My memories pretty hazy, but I could sware that Mike told me he was there when the block fell...right under it! He apparently got the end of his rope cut, but then turned around and climbed it before the dust settled.

Posted

quote:

Originally posted by pope:

My memories pretty hazy, but I could sware that Mike told me he was there when the block fell...right under it! He apparently got the end of his rope cut, but then turned around and climbed it before the dust settled.

Sometime during the week of October 13th-18th, 1991 that block fell off. I was out there on the 13th and again on the 18th where my partner and I saw that it had come off. I led up the lower part just to see what it looked like only to find that every conceiveable edge (including the mantle into the depression left by the block) that could hold dirt was undisturbed. The crack behind the block that took a yellow tcu to protect the moves from the depression to the traverse was completely filled with dirt.
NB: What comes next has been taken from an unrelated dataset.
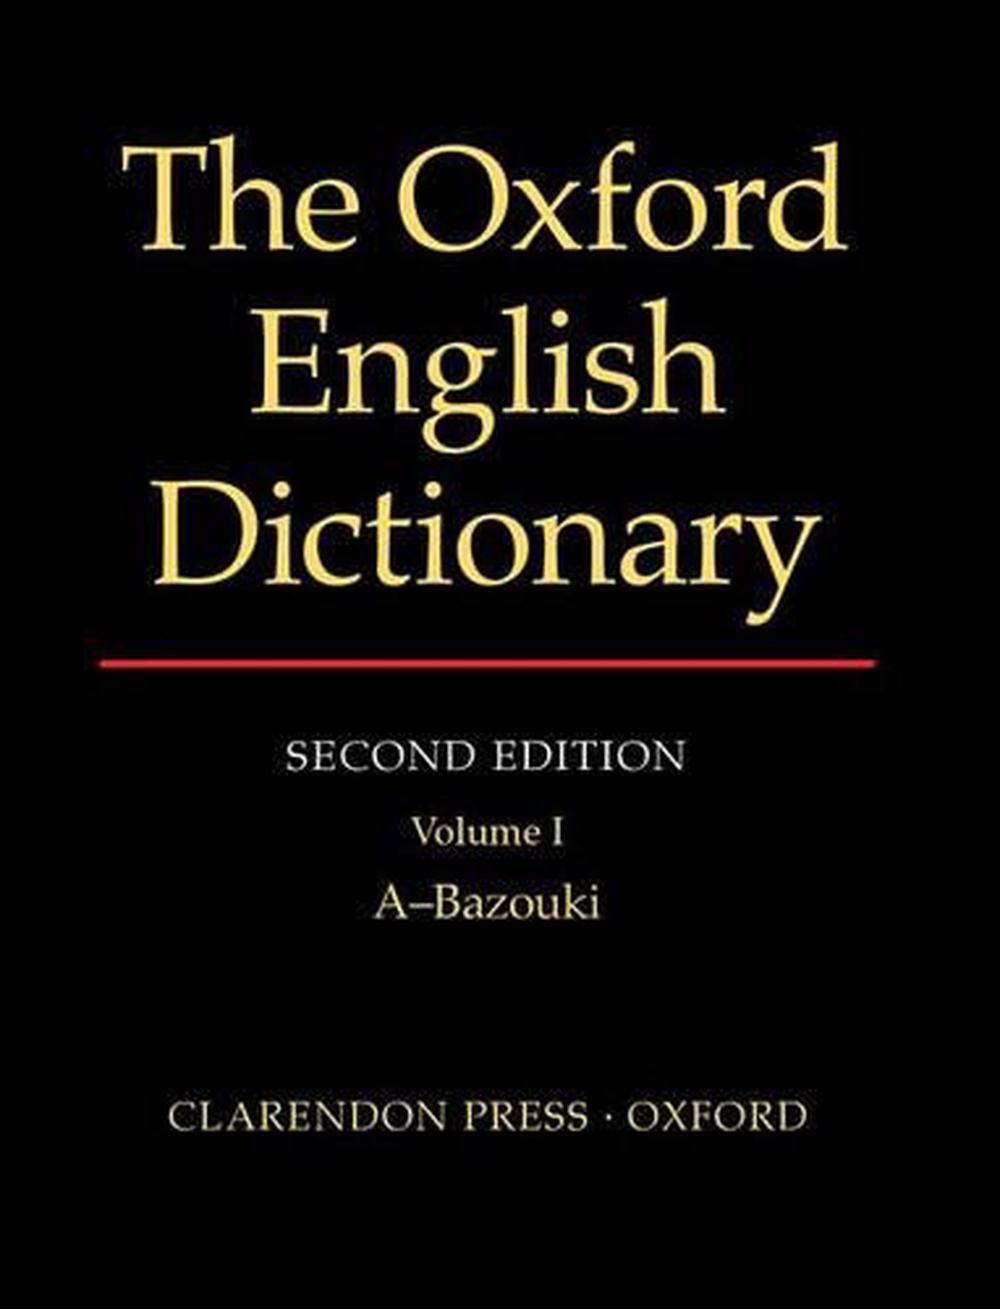 autobiography of oxford dictionary
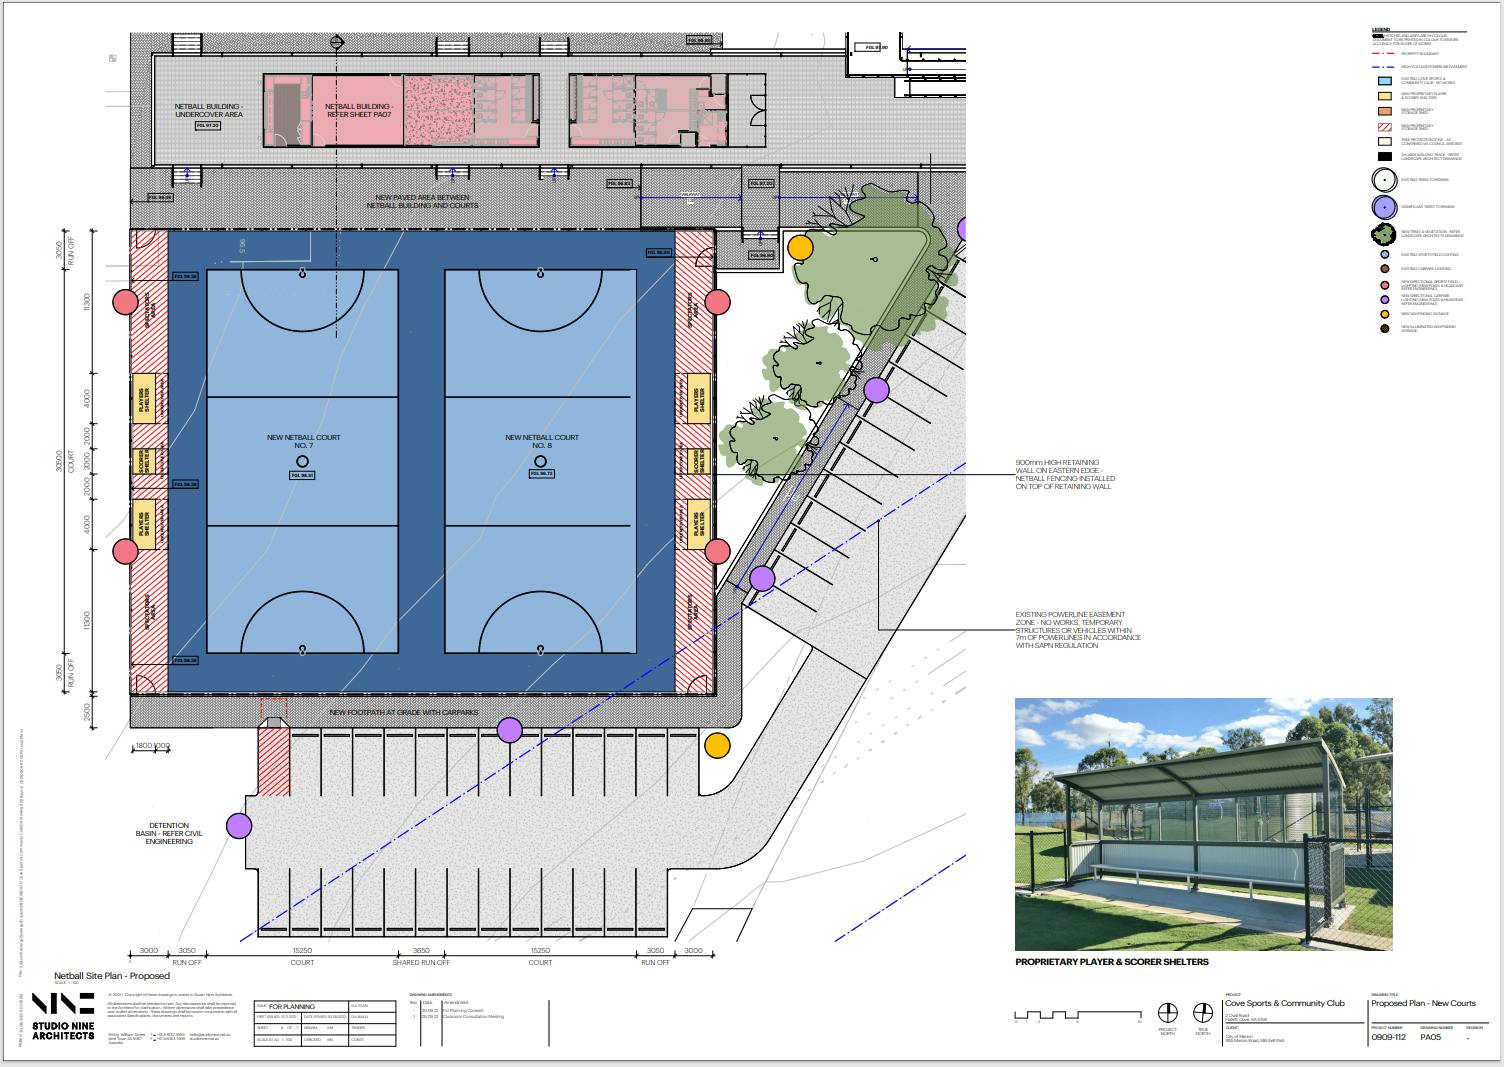 Netball Facilities New Courts.

I unearthed a placement, swept off some more holds and proceeded into the traverse and the rest of the pitch.

I later spoke to some guys who say they were there and that a part of their rope is under the debris, but they never said a word about climbing it.

I also later heard rumor that Fred Grafton got the first ascent, though from the completely undisturbed nature of the rock uncovered by the block falling off, I believe that I got there first.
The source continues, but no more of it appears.